"Just one more prod, Aria! You almost there!"
As I gritted my teeth, calling every last bit of strength I possessed, the midwife's voice was steady and her hands strong on mine. Pain washed over me in unrelenting waves, each one stronger than the last. I gripped the cot's edge with fingers as though they might ground me.
The pressure dropped with one last guttural scream. The room was filled with a beautiful, piercing cry—strong and unambiguous. As I heard my son's first breaths, my whole body slumped in relief, the pain fading.
As the midwife cradled the small, wriggling form and wrapped him in a soft blanket, her face softened. Her hands were gentle. She gently said, "You have a strong one here," then set him in my arms.
Heart pounding, I looked down to meet his sight. Your son. Though his little hands tightened into fists and his face flushed, he was flawless. With wide, inquisitive eyes, he gazed up at me and I saw Logan and a bit of me. Though my chest tightened, I pushed the ache aside.
I whispered, brushing a quivering finger across his cheek. Ethan. " Welcome to the world, Ethan."
Another little cry came from him; his small hands seemed to be reaching for consolation. I held him closer, letting him curl up against me automatically. I felt something strong and purposeful in that instant—a surge of will and direction I had not known was feasible. This was my son, and I would do all it took to give him the life he deserved and to guard him.
The days went by and I found myself in the cadence of new motherhood. With his cries, needs, and small moments of delight, Ethan filled my days—and my evenings. I came to identify the several sounds he produced, the way his face would scrunch up when he was ready to cry, and the tiny contented sighs he would produce following a meal. More than I had ever imagined, it was draining, but every look at his calm, sleeping face gave me a reason to keep on.
Even among the beauty of those times, though, there was an undercurrent of suffering, an ache that persisted in the quiet hours Ethan slipped off to sleep. My mind would wander back to Logan in those times, by myself in the low glow of the candlelight. Back to the life I had left behind, to the pack and family I had turned away.

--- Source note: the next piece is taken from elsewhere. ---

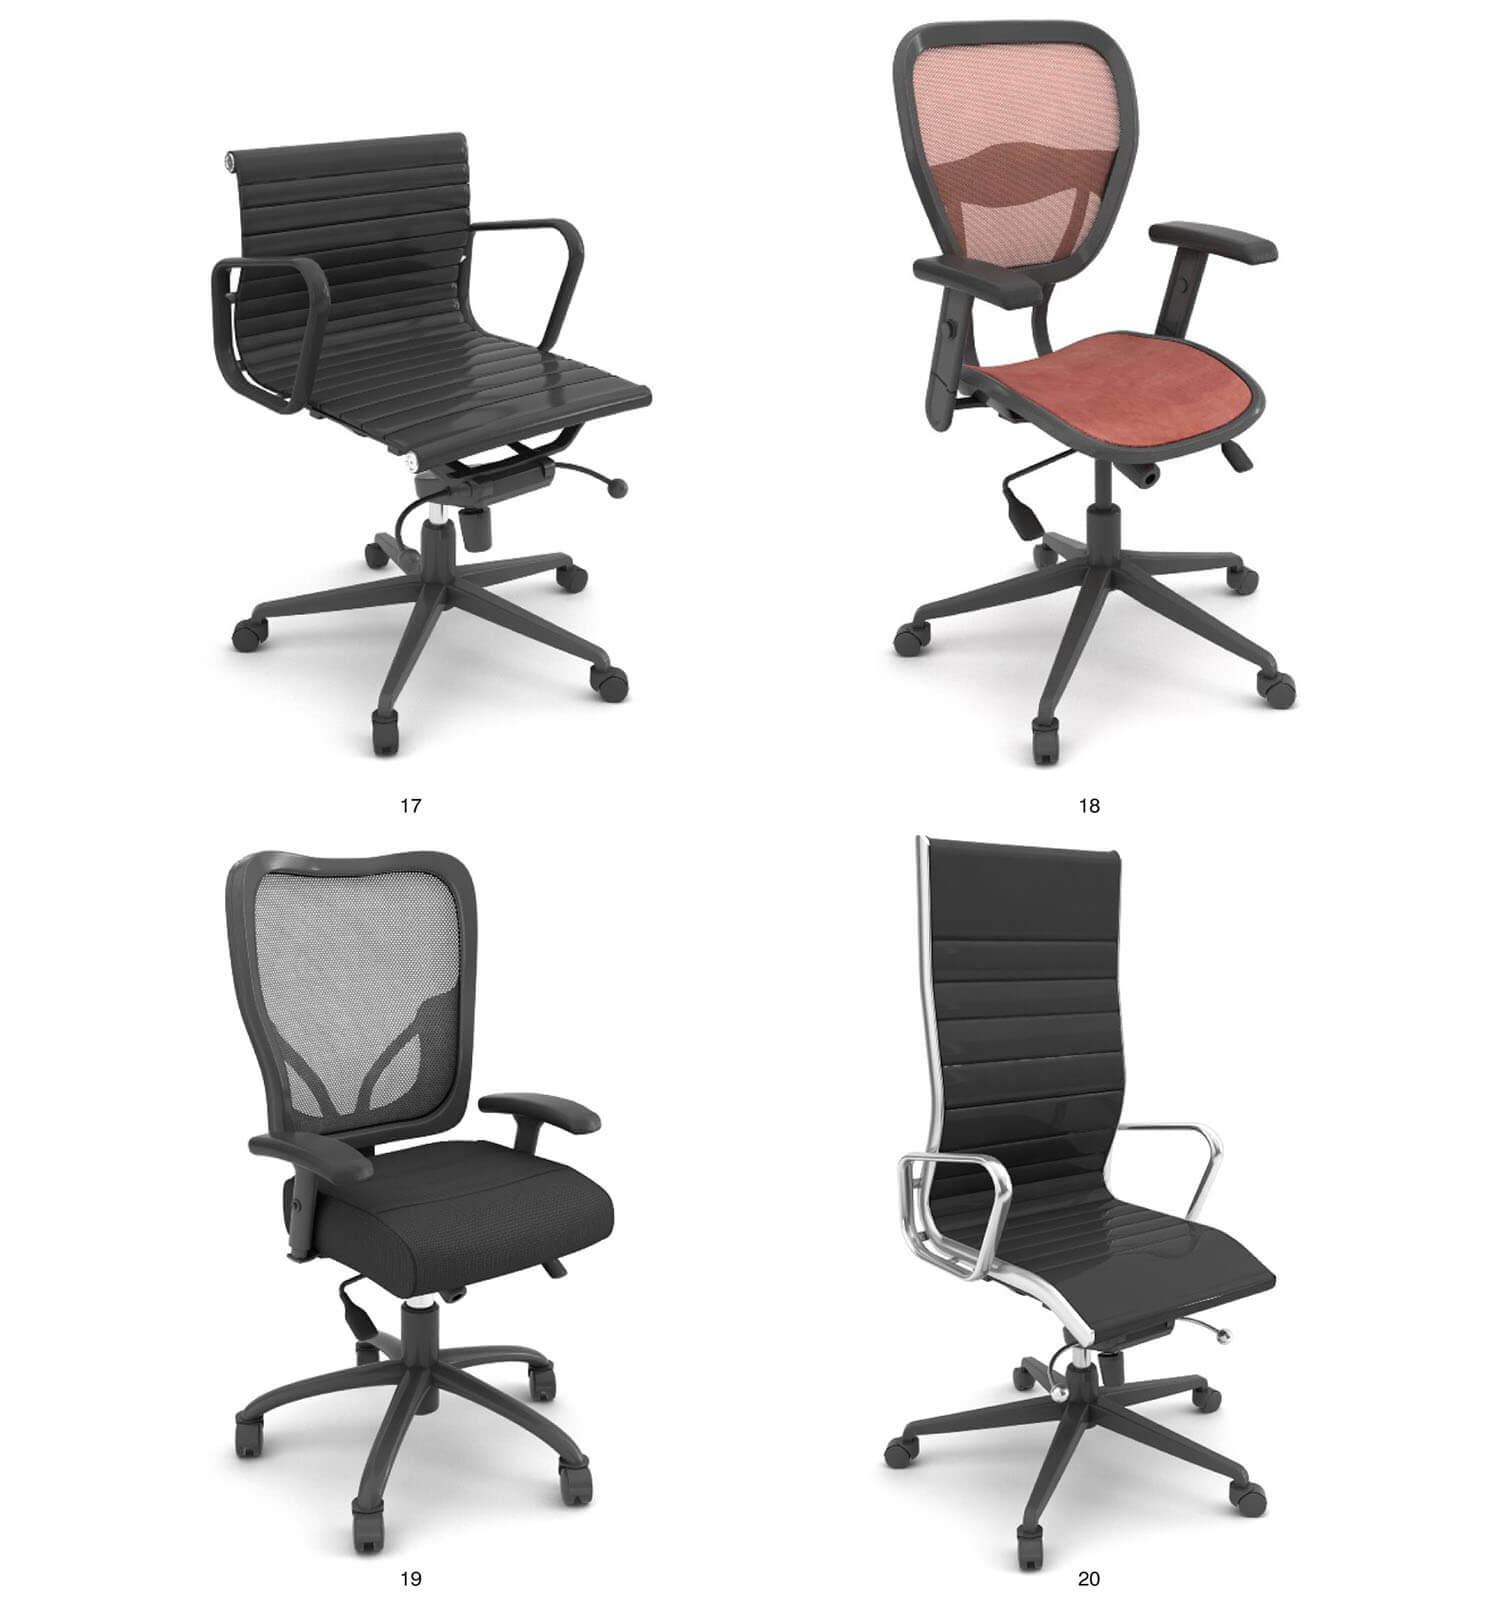 Các mẫu ghế xoay kiểu dáng đơn giản thích hợp cho văn phòng làm việc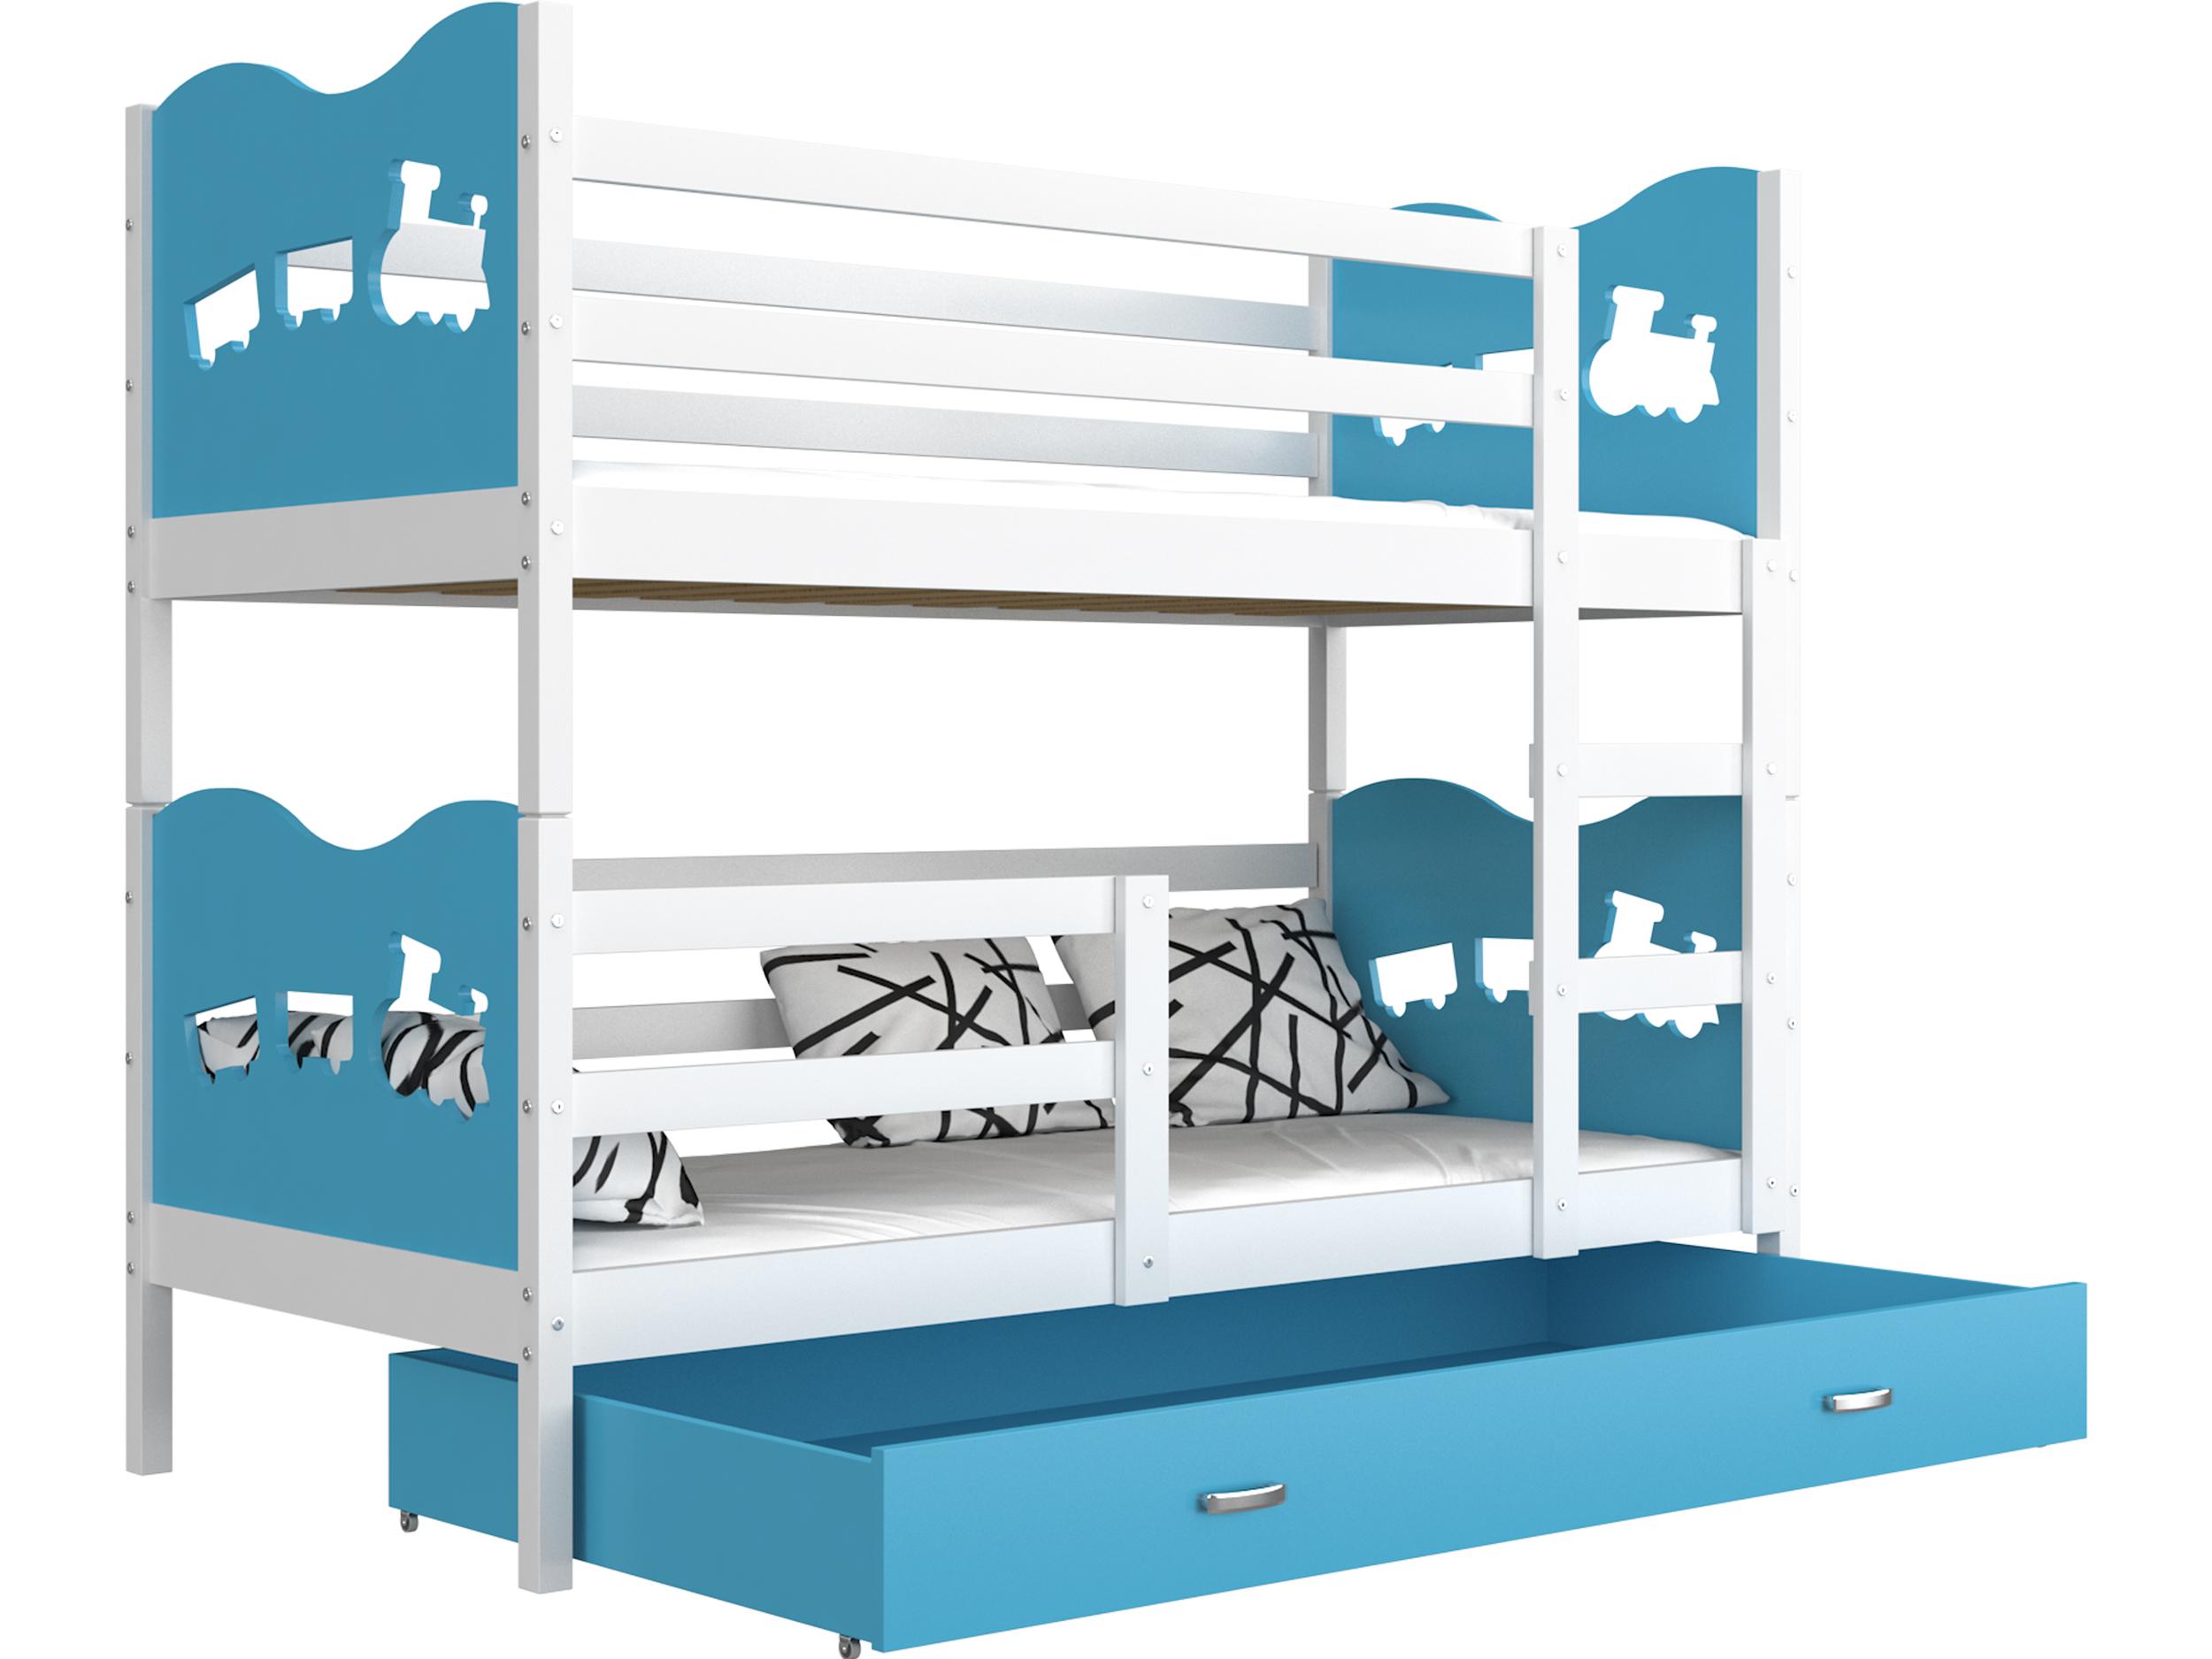 ArtAJ Detská poschodová posteľ MAX / MDF 200 x 90 cm Farba: biela / modrá, s matracom 200 x 90 cm

Sometimes I would find myself wondering whether Logan had moved on, whether he thought of me, whether he knew he had a son. Reminded myself that I had made this decision for Ethan's benefit and shook the ideas away as best as I could. But the hurt stayed, buried deep inside me and invisible to others.
One night I let myself say the words I had been holding captive for so long as I cradled Ethan in my arms and watched his small chest rise and fall.
I said, "I'm going to protect you, Ethan," softly kissing his forehead. Nobody will ever cause you to feel unwelcome. Always you will have a family and a place. Though it will hurt, I will be strong for you.
The next months taught me to let that strength carry me. The little ceremonies we created together gave me comfort. I carried him with me as I went about my daily tasks, and draped the knitted blankets Mrs. Jensen had given us around him. We spent quiet afternoons by the stream, the sun bathing us in a warm glow as I sang lullabies to calm him.
Ethan developed rapidly, his little personality flowering daily. Curious, his eyes constantly watched and studied his surroundings with an intensity that made me grin. And he was strong, not fussing too much even in trying circumstances. He seemed to be already aware that we were in this together, that he was my anchor as much as I was.
As we sat by the fire one afternoon, Ethan stretched up and his tiny fingers encircled my hand. His steady, unflinching stare met mine, and I felt a flood of feeling swell within me. Under his touch, in his quiet strength, I found my own. He was my reason, my heart, and for as long as I had him, I knew I could handle anything.
Brushing a tear from my cheek, I grinned down at him. "We will be just fine, Ethan," I said softly. "You and me, we are more robust than anything life presents."
And in that instant, with his little hand in mine, I sensed the last bits of my heart start to mend.